Fecal DNA was extracted (E.Z.N.A.® Soil DNA Kit), quantified (NanoDrop 2000/Qubit 4.0), and PCR-amplified using primers targeting the 16 S V3-V4 regions (primers 338 F/806R; 27 cycles, 55 °C annealing). Triplicate amplicons were pooled, gel-purified, and sequenced on the Illumina MiSeq PE300 platform. The raw reads were quality-filtered (fastp v0.21.0; Q20), merged (FLASH v1.2.7; ≥10 bp overlap), and analyzed via dual pipelines: (1) OTUs clustered at 97% similarity (UPARSE, SILVA 138 database) and (2) denoised ASVs (DADA2/QIIME2 v2022.8). Taxonomy was assigned using the RDP Classifier (confidence ≥ 0.7), with rarefaction to 16,000 reads/sample. Alpha/beta diversity (vegan v2.6-4) and differentially abundant taxa (LEfSe: LDA > 2.0, FDR < 0.05) were assessed in R v4.1.3.

Analysis of metabolomic profiles

Metabolomic profiling was conducted using a Nexera UHPLC LC-30 A system (Shimadzu) coupled to a Q Exactive HF-X mass spectrometer (Thermo Fisher). Chromatographic separation was achieved on an ACQUITY UPLC BEH amide column (1.7 μm, 2.1 × 100 mm; Waters) with mobile phases A (10 mM ammonium acetate in acetonitrile/water [95:5, 0.1% formic acid, pH 8.0 for negative mode]) and B (10 mM ammonium acetate in acetonitrile/water [50:50, 0.1% formic acid, pH 8.0 for negative mode]). The gradient elution (0.3 mL/min) involved 2% B (0–0.5 min), 2–98% B (0.5–12.0 min), 98% B (12.0–16.0 min), and reequilibration with 2% B (16.0–18.0 min).

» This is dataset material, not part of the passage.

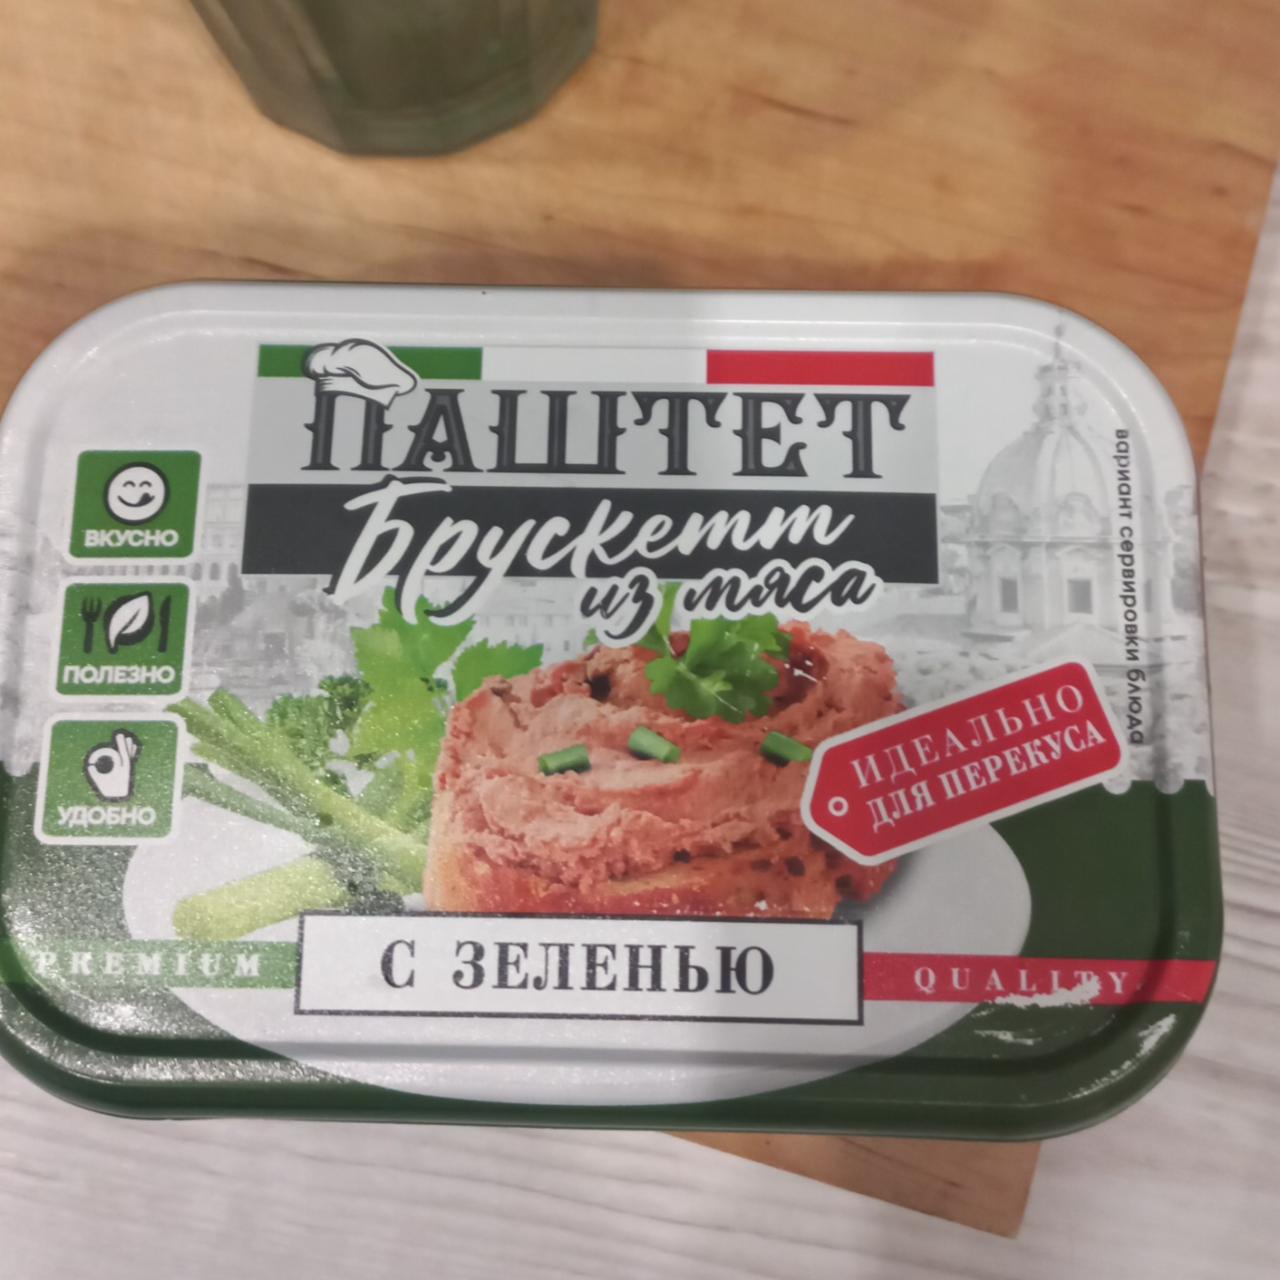 Фото - Паштет Брускетт из мяса с зеленью Борисовский мясокомбинат №1

Full MS scans (70–1050 m/z) were acquired at 120,000 resolution (AGC 3 × 106, max IT 100 ms) in both polarities, with data-dependent MS² scans (200–2000 m/z) at 7,500 resolution (AGC 2 × 105, max IT 50 ms) using stepped collision energies (20, 40, 60 eV). The raw data were processed via Progenesis QI (v3.0) for peak alignment, metabolite annotation (HMDB/KEGG), and z score normalization. Hierarchical clustering (Euclidean distance, average linkage) and differential expression analyses [logFC > 1.2, -log10 (FDR) > 2] were performed in R (v4.2.1). System suitability was validated with pooled QC samples (retention time RSD < 2%, intensity RSD < 15%).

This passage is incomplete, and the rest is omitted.